-- Opening Marker --

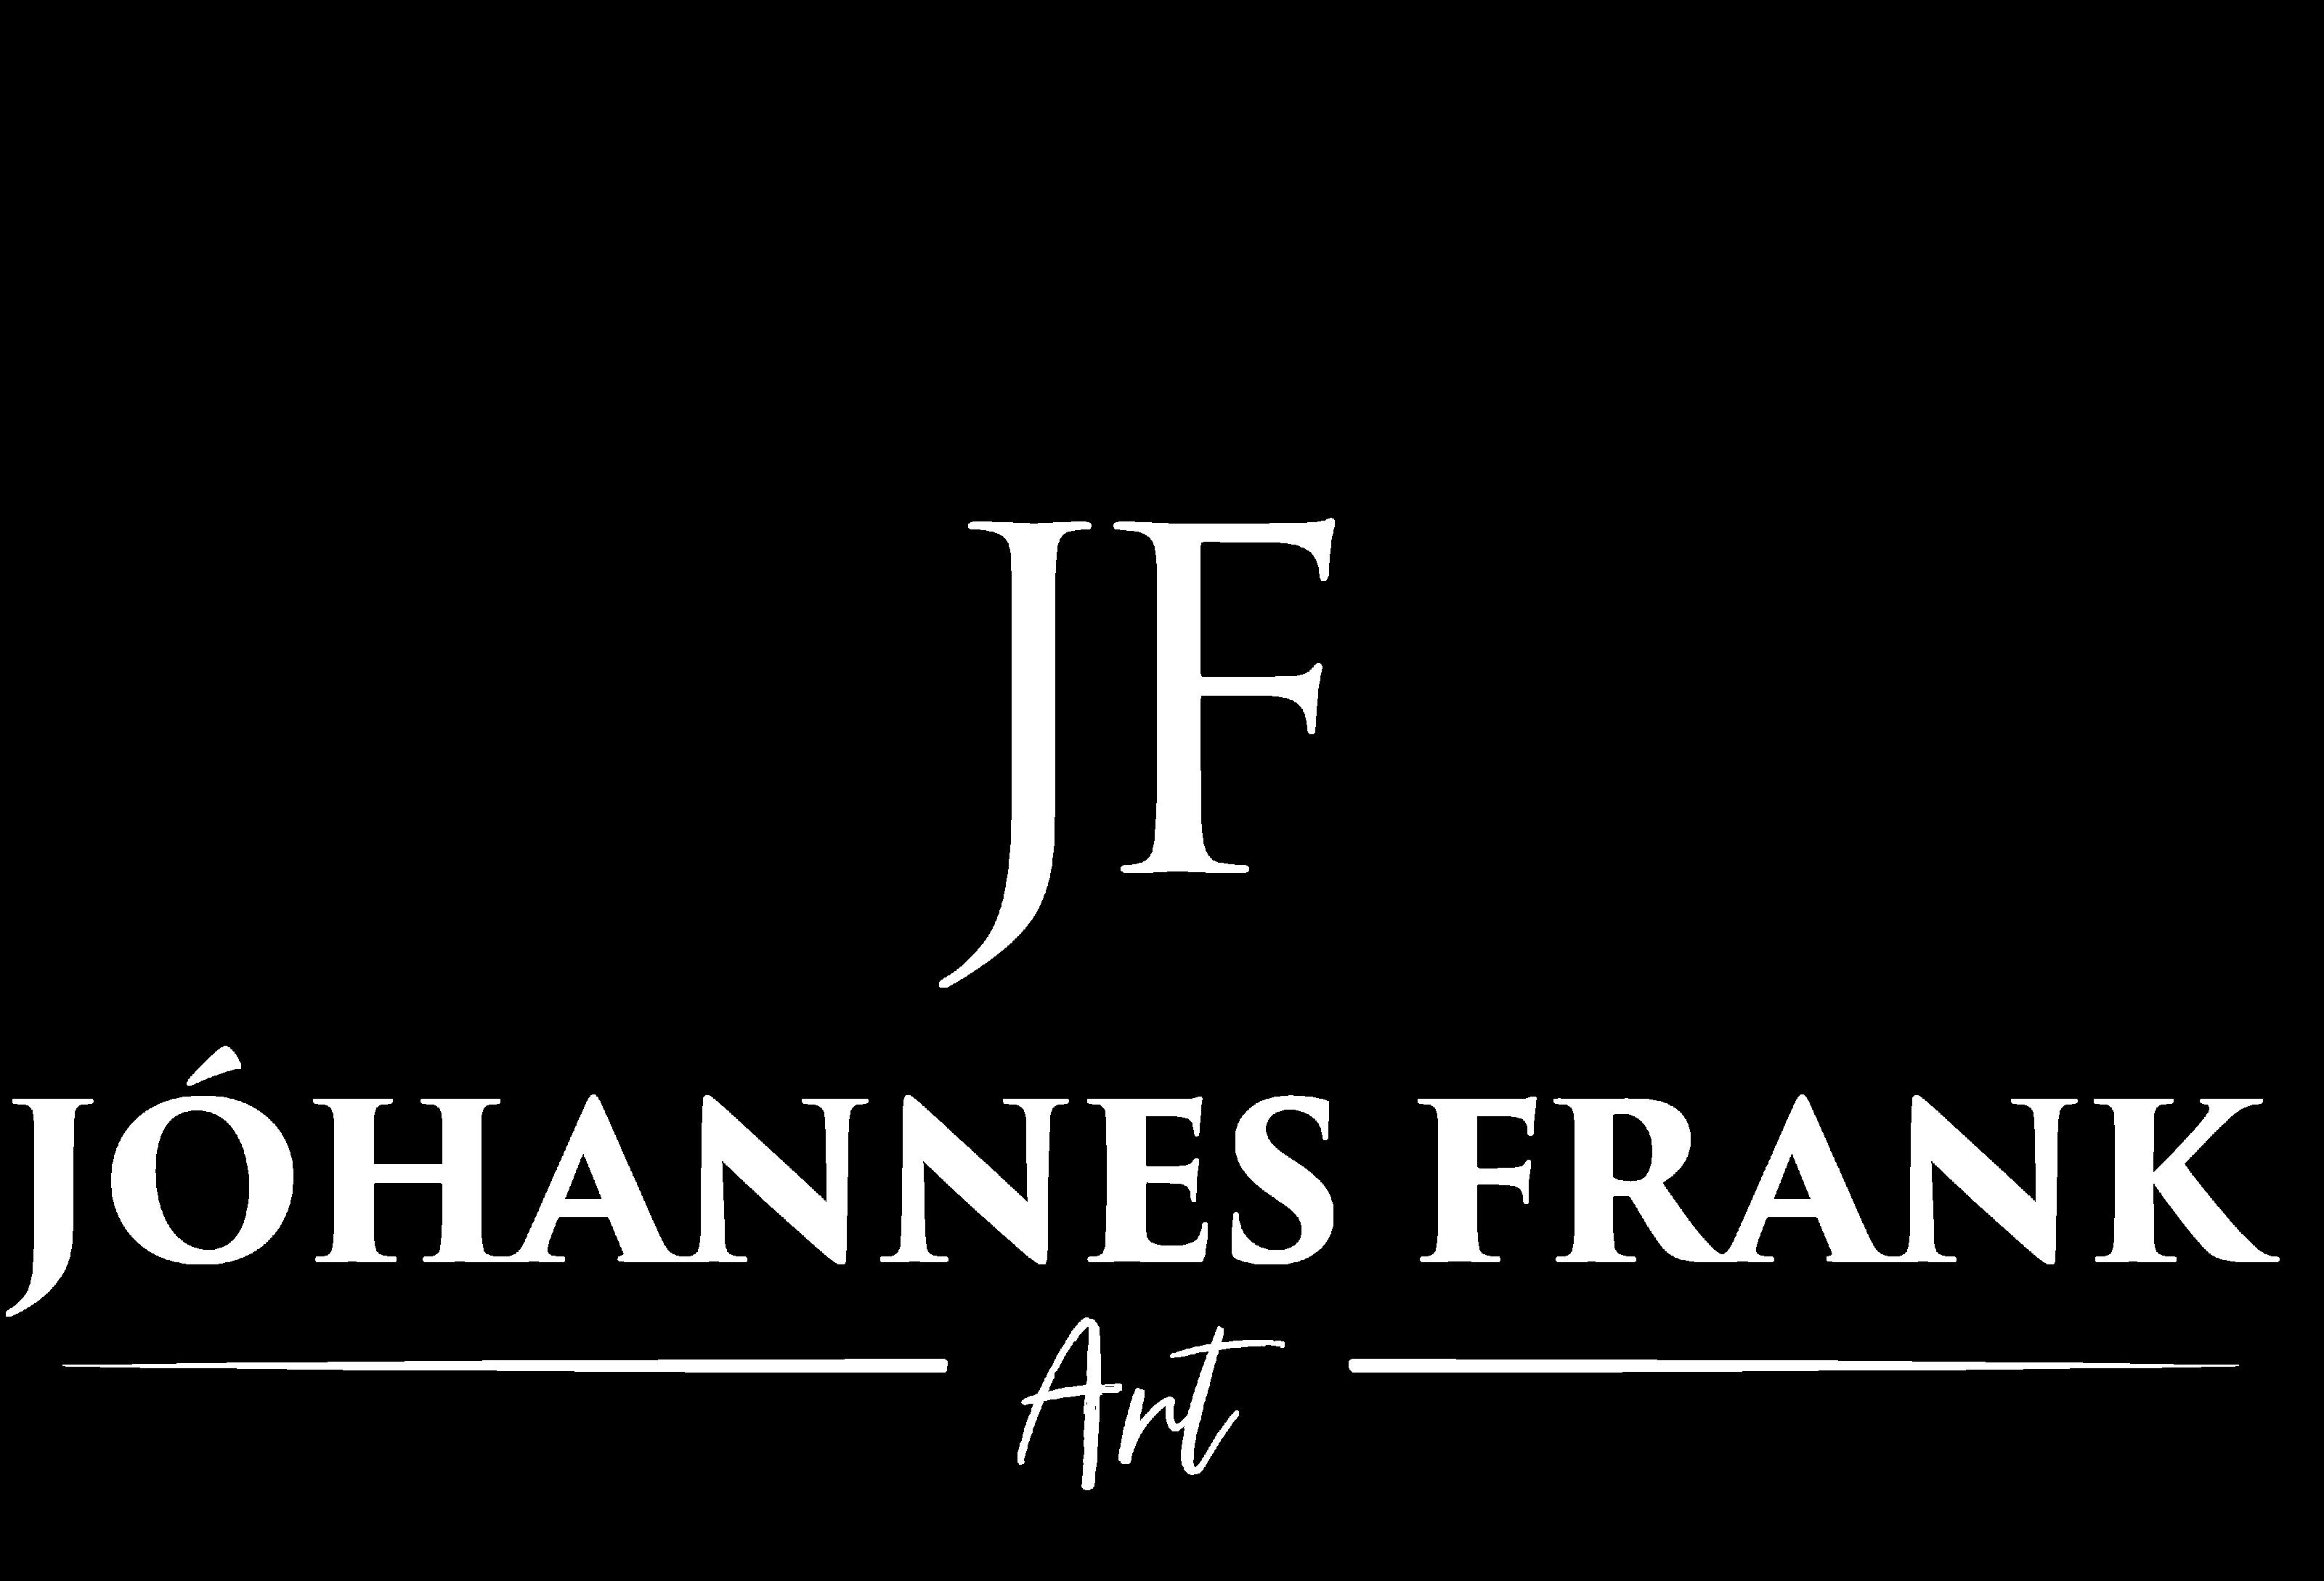 johannesfrank.com
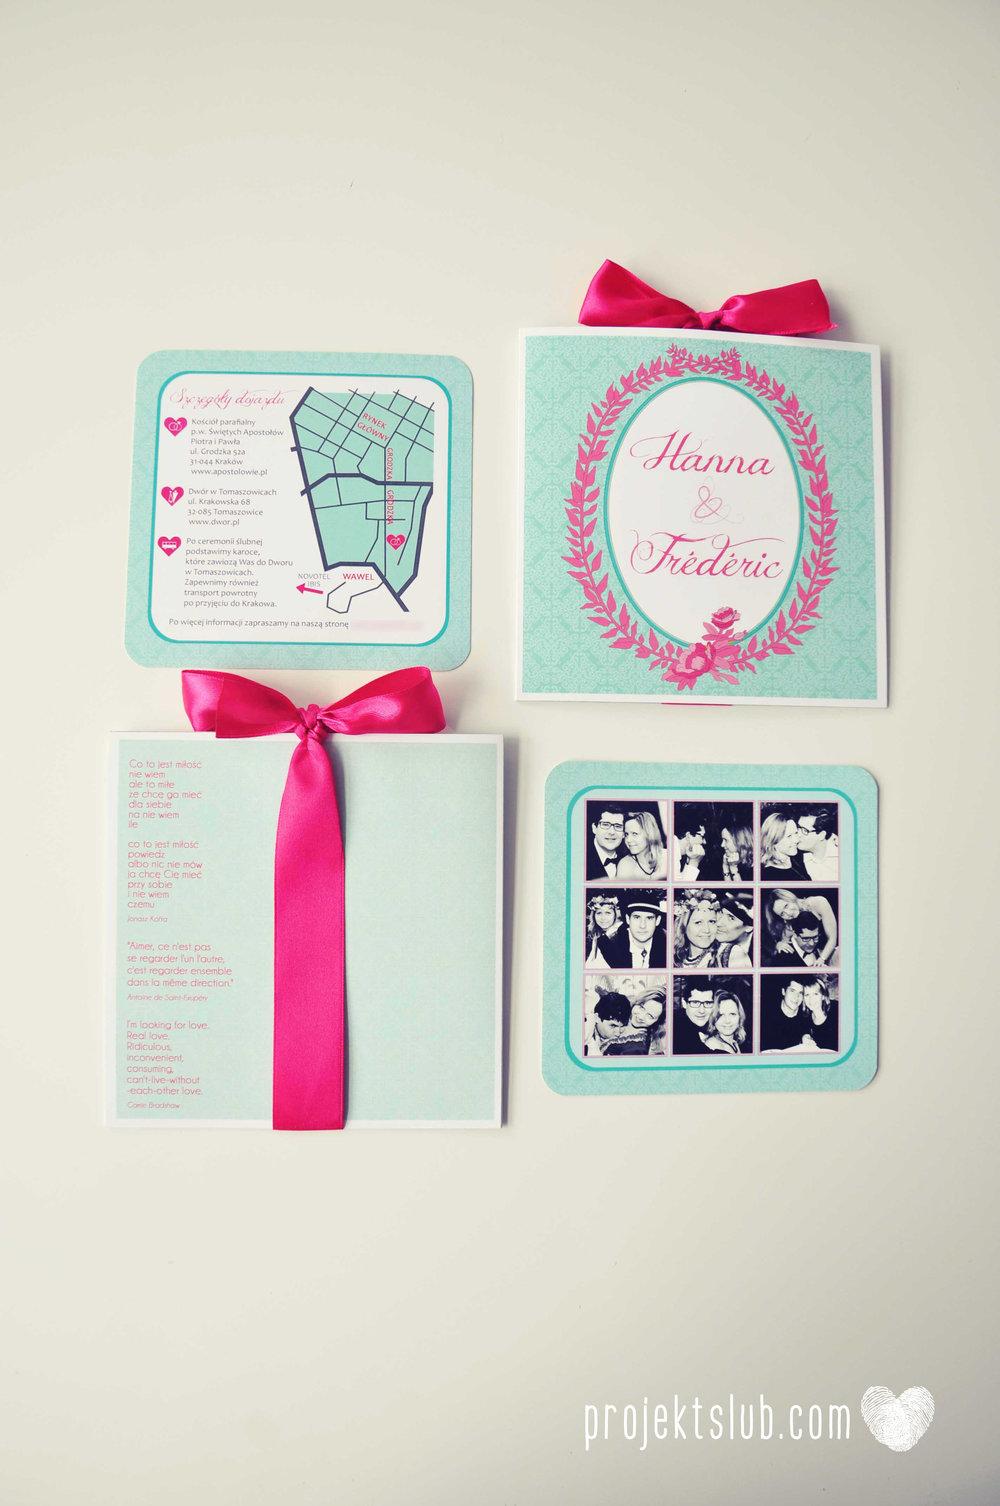 oryginalne zaproszenia ślubne najpiękniejsza papeteria miętowe love mięta malinowa wstążka elegancki projekt ślub (26).jpg
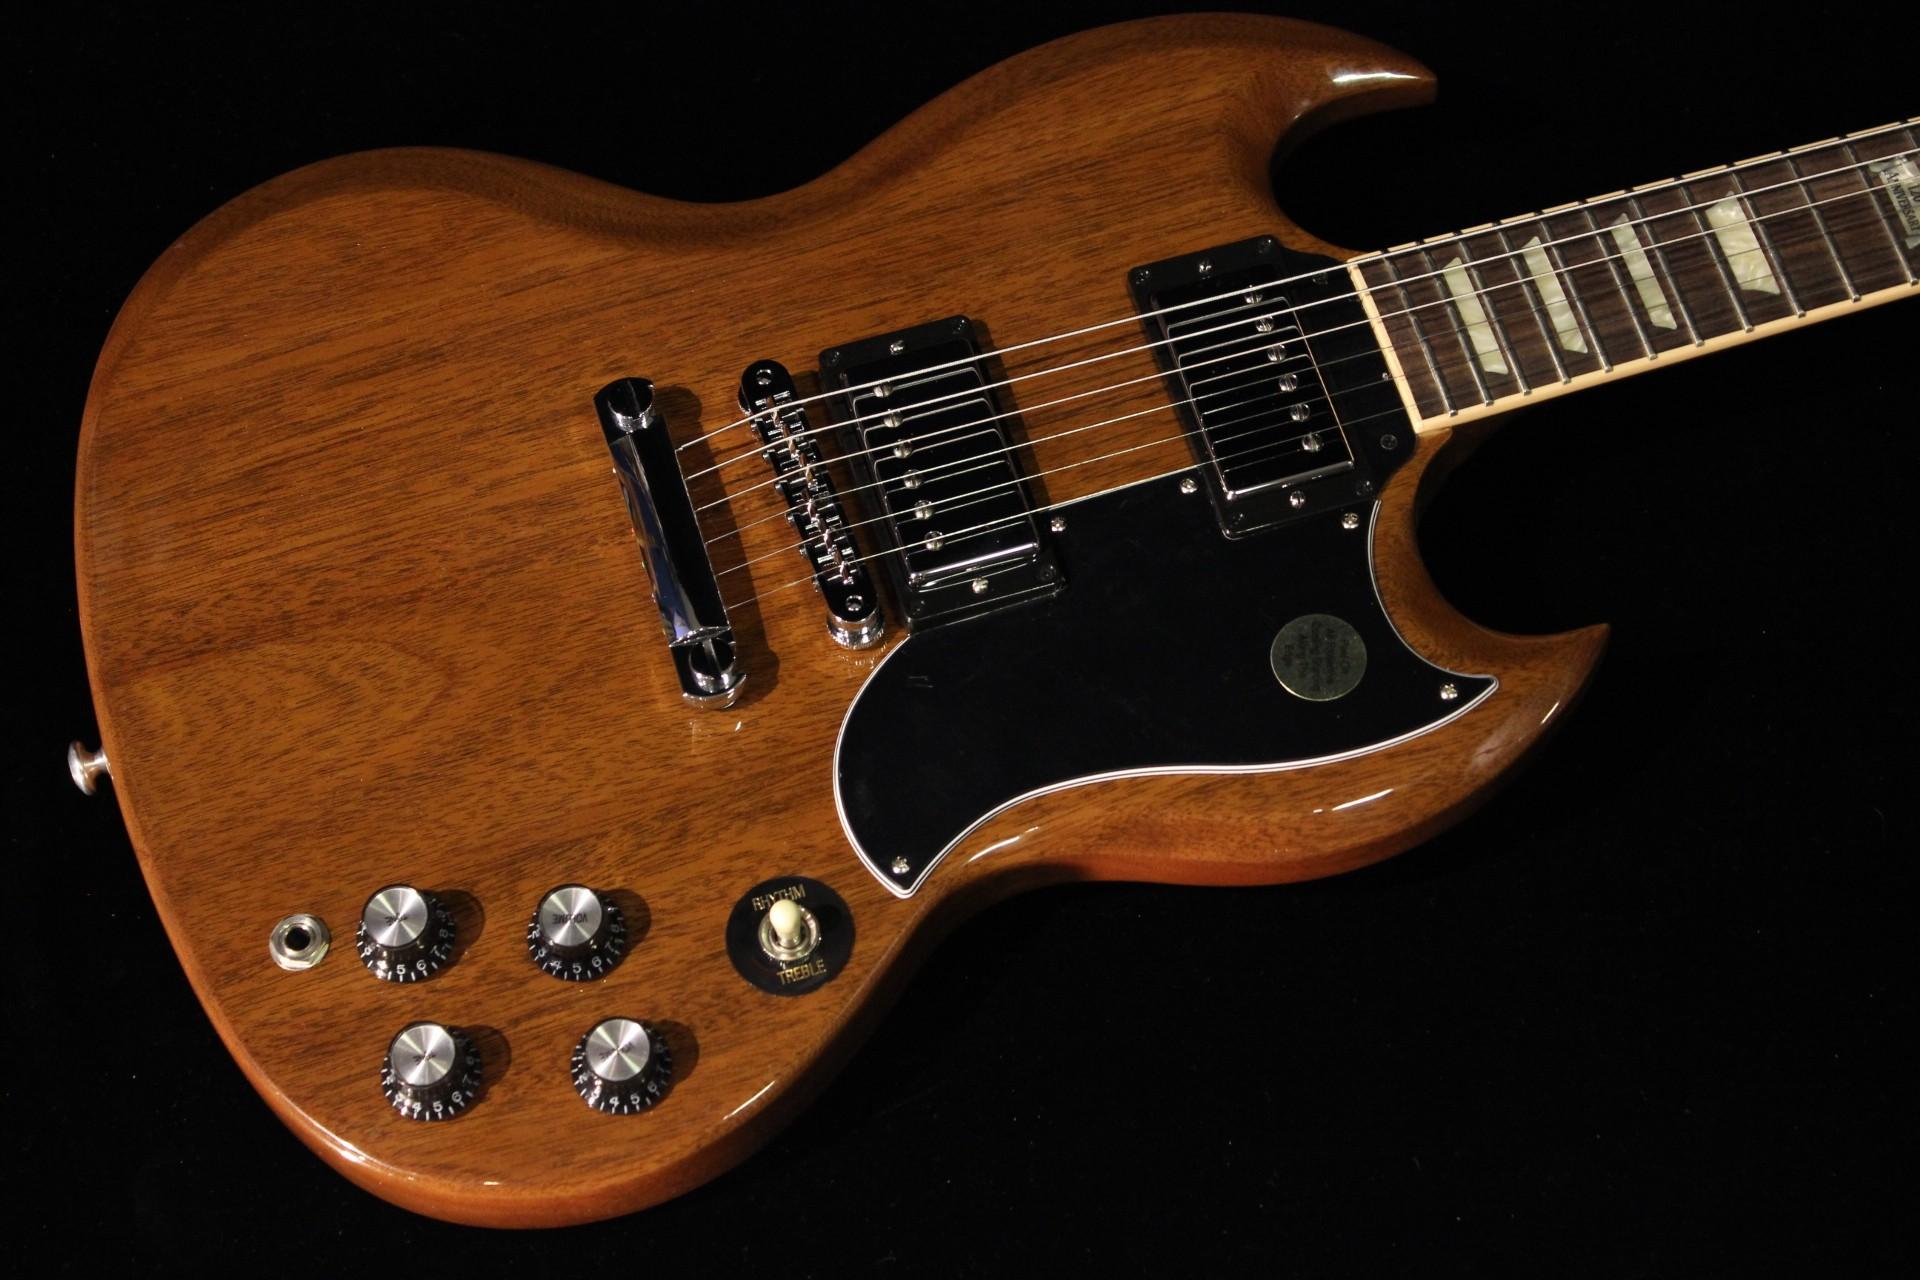 Gibson Sg Standard 2014 Walnut Sn 140028868 Gino Guitars

-- Closing Marker --

[Exercise description]: Copy every line of the data word for word, omitting the images.

[Your response]:
 johannesfrank.com
 oryginalne zaproszenia ślubne najpiękniejsza papeteria miętowe love mięta malinowa wstążka elegancki projekt ślub (26).jpg
 Gibson Sg Standard 2014 Walnut Sn 140028868 Gino Guitars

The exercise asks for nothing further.